* **Work instruction**:
Reproduce the listing below exactly, except for its pictures.

#### Provided data

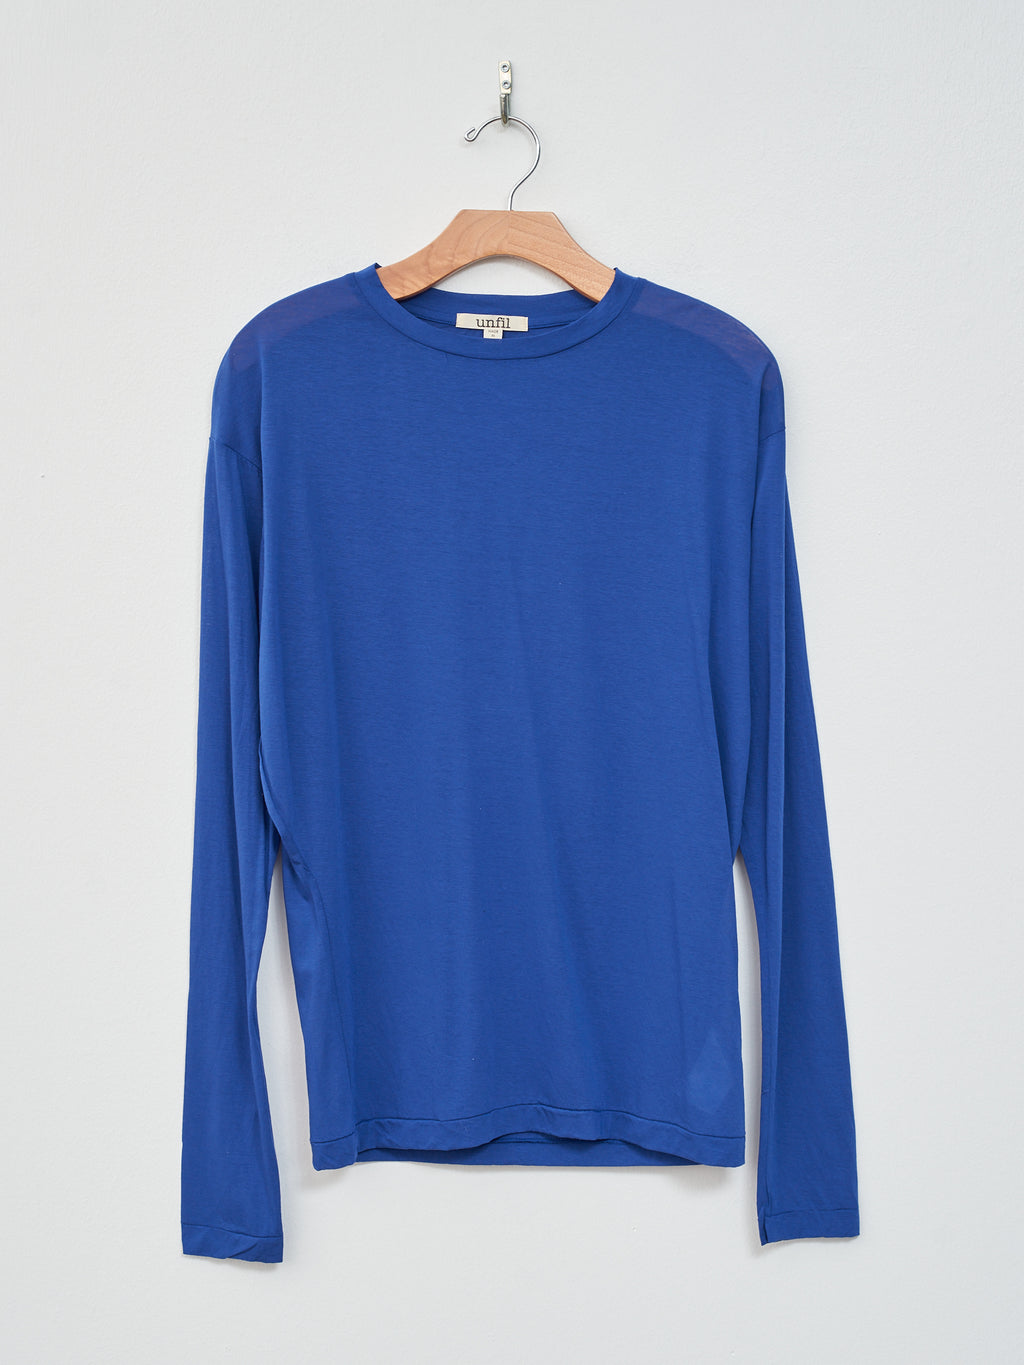 Namu Shop - Unfil Twisted Cotton Sheer Jersey Long Sleeve Tee - Lapis Blue
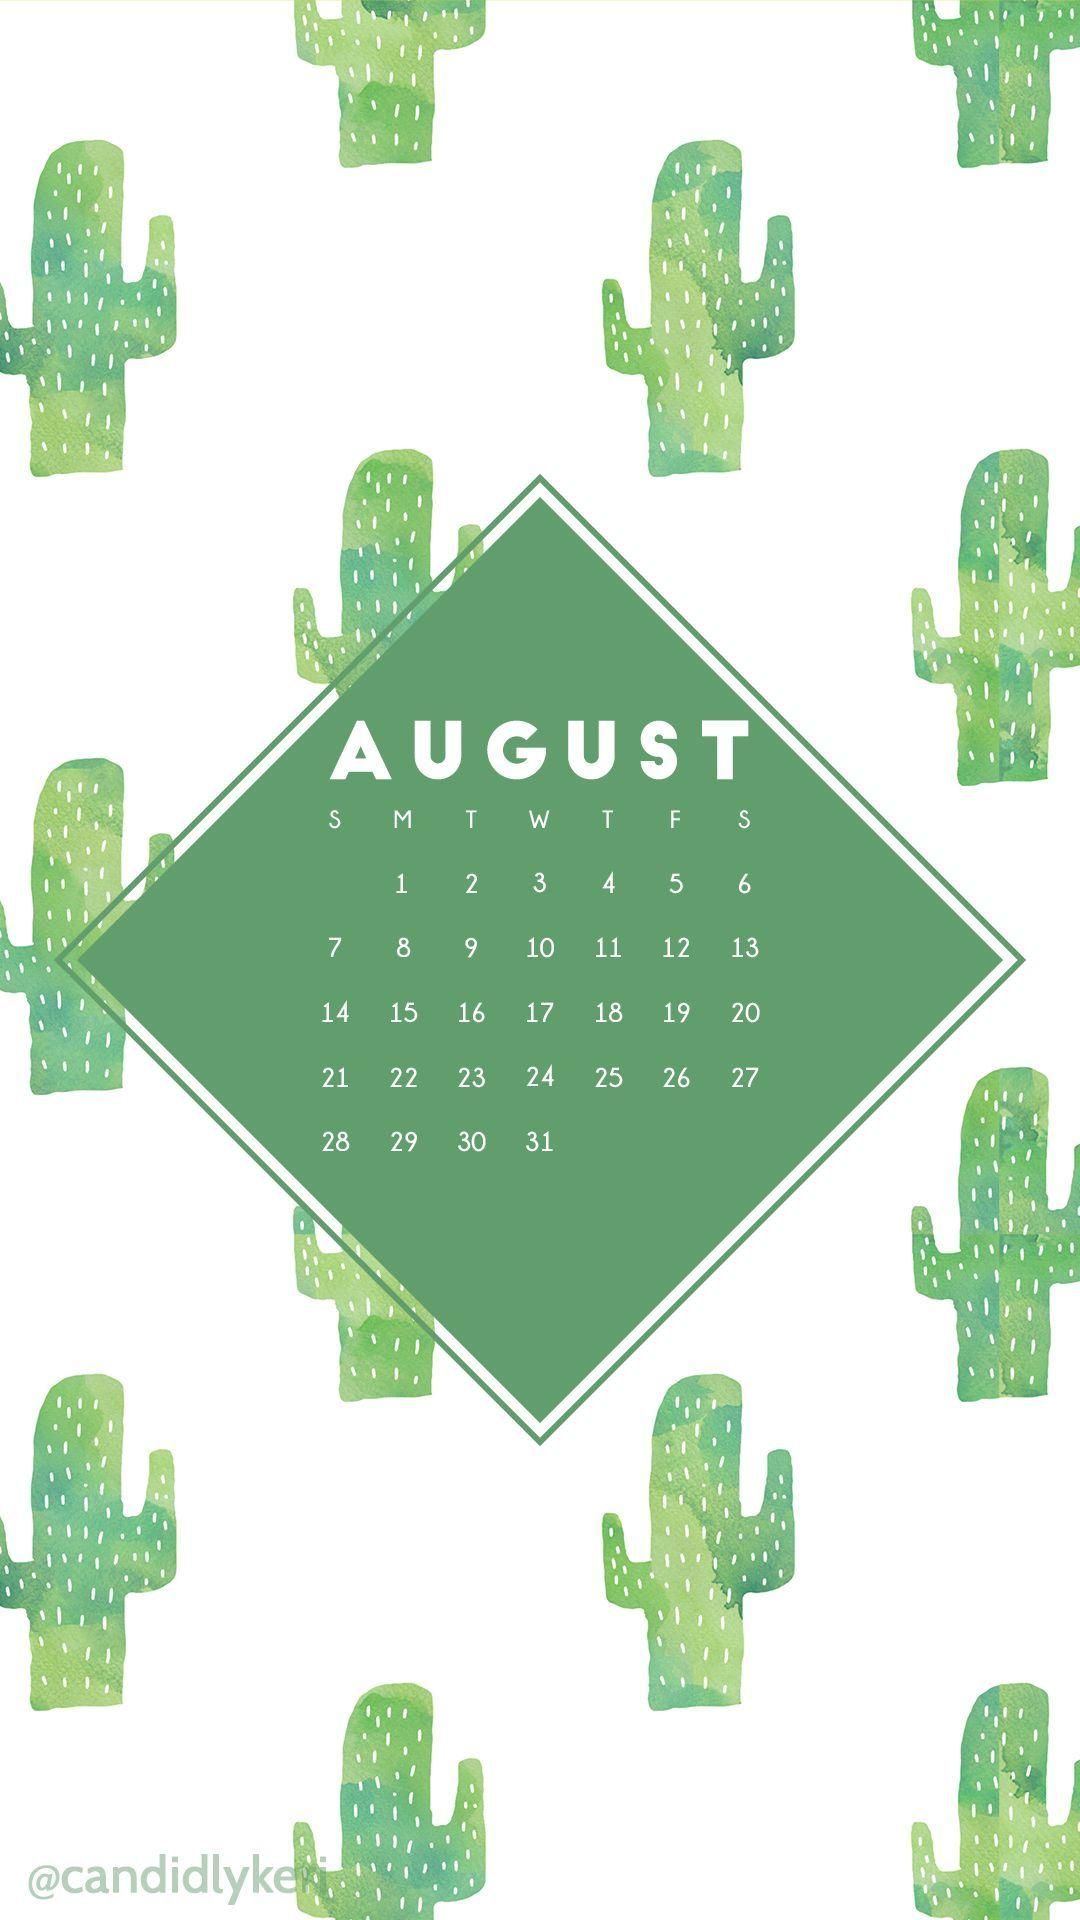 Cactus fun cacti green watercolor background August calendar 2016
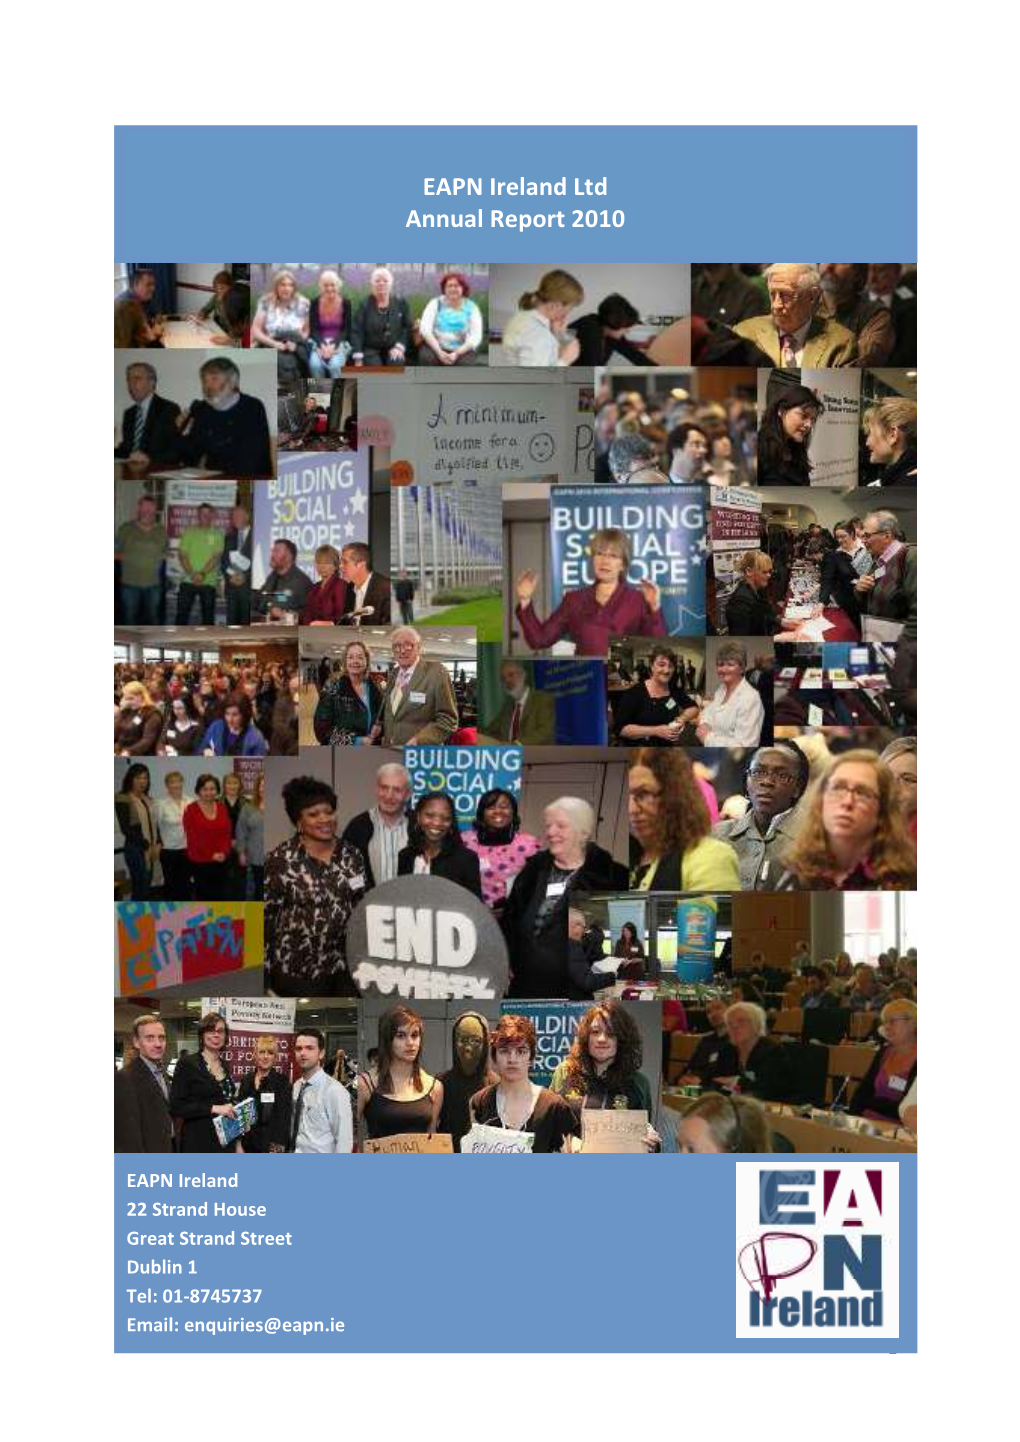 EAPN Ireland's Annual Report 2010
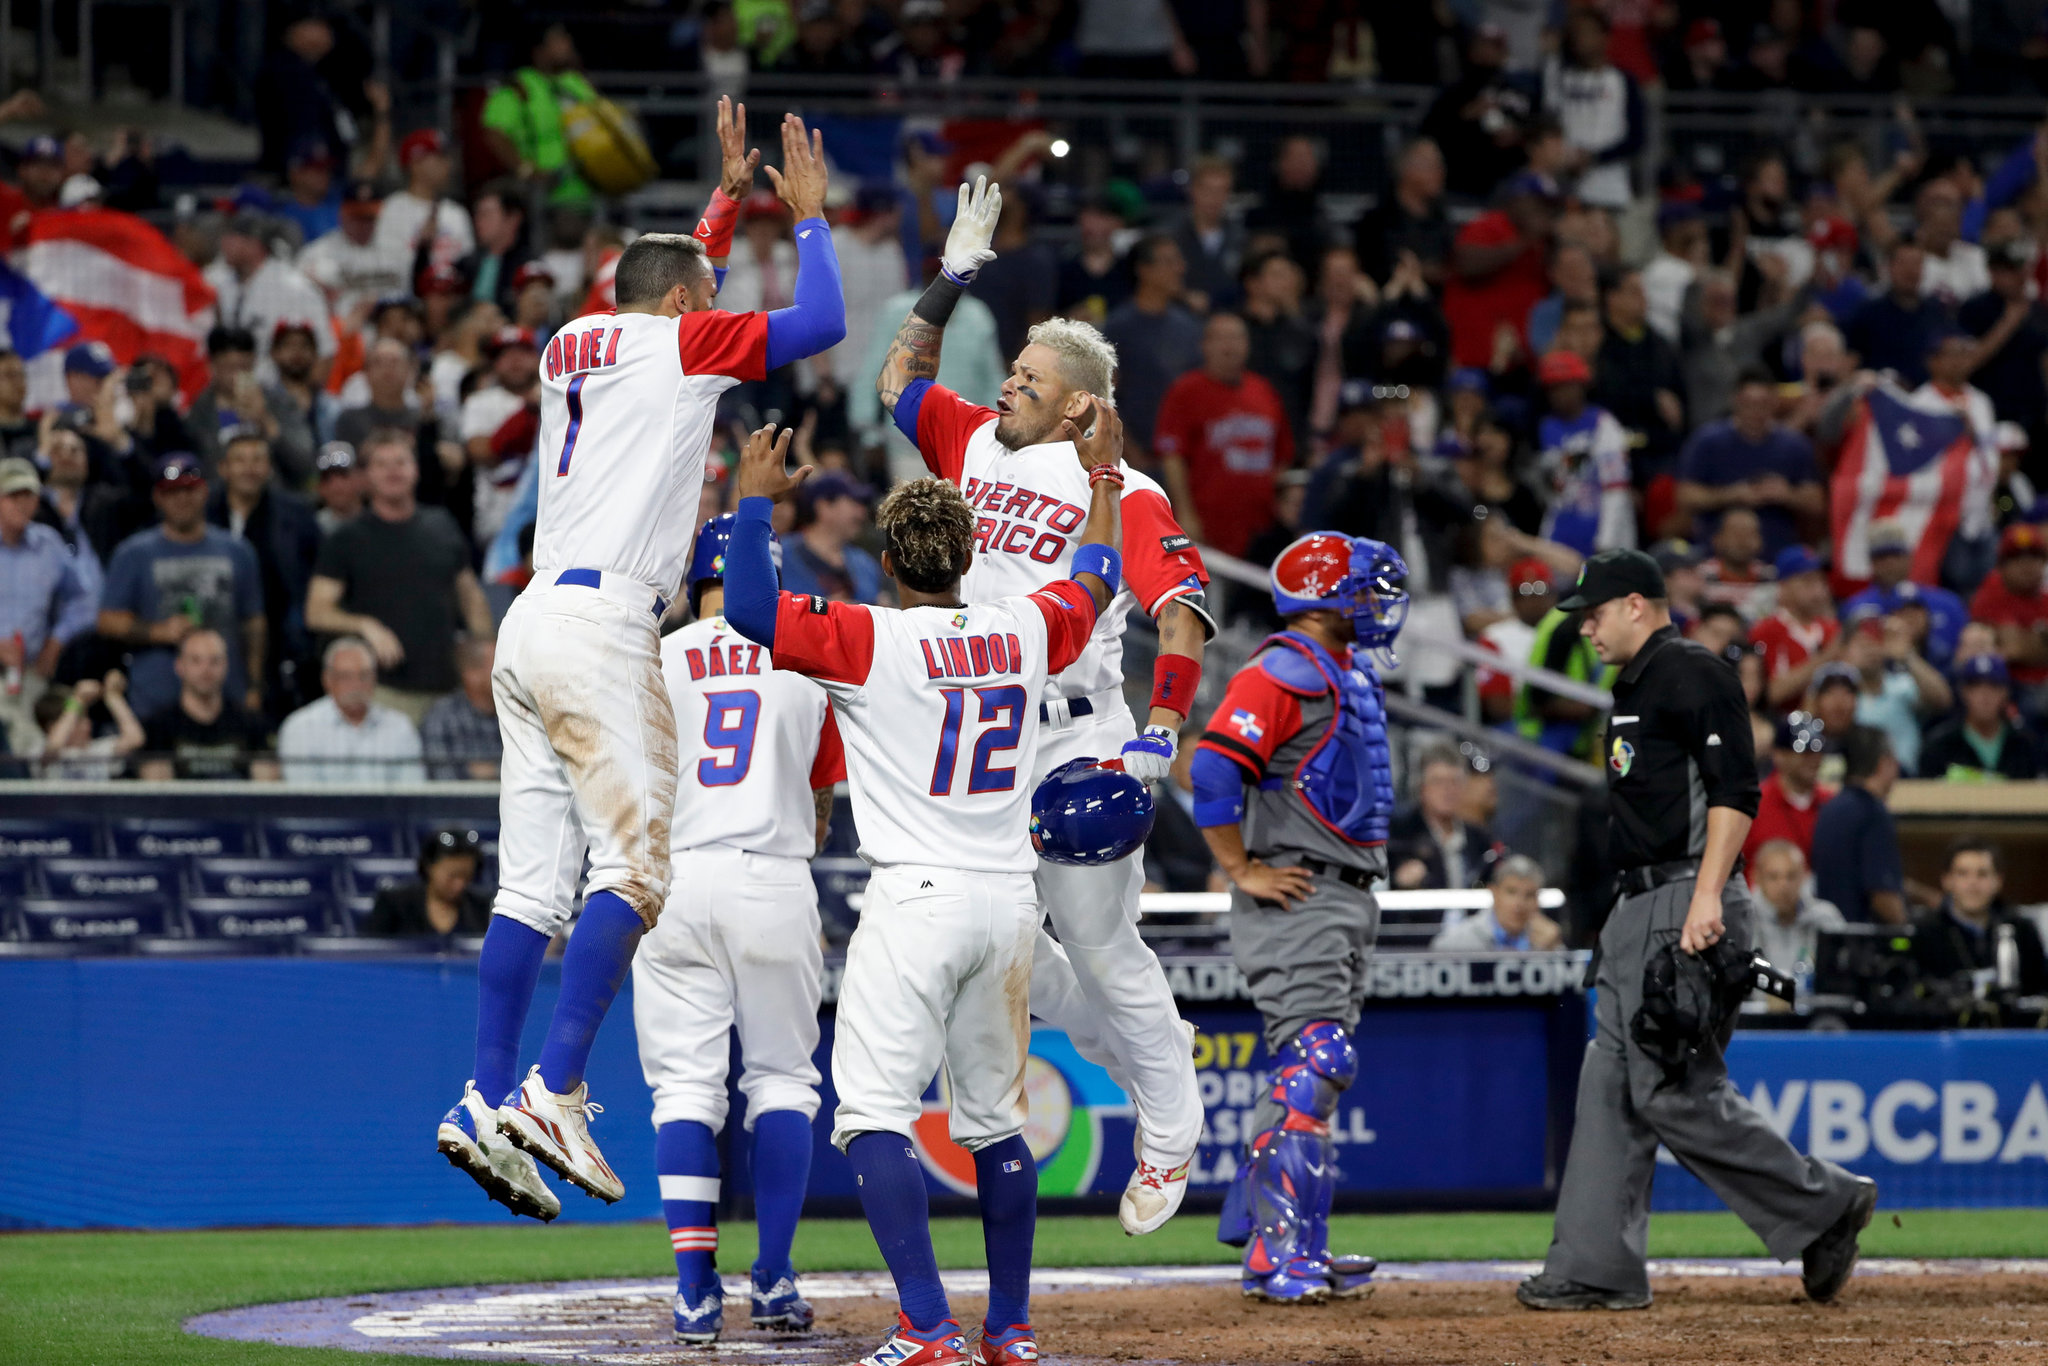 Puerto Rico Ends Dominican Republic's 11 Game Win Streak In W.B.C

########

* **Worked solution**:
 Namu Shop - Unfil Twisted Cotton Sheer Jersey Long Sleeve Tee - Lapis Blue
 Cactus fun cacti green watercolor background August calendar 2016
 EAPN Ireland's Annual Report 2010
 Puerto Rico Ends Dominican Republic's 11 Game Win Streak In W.B.C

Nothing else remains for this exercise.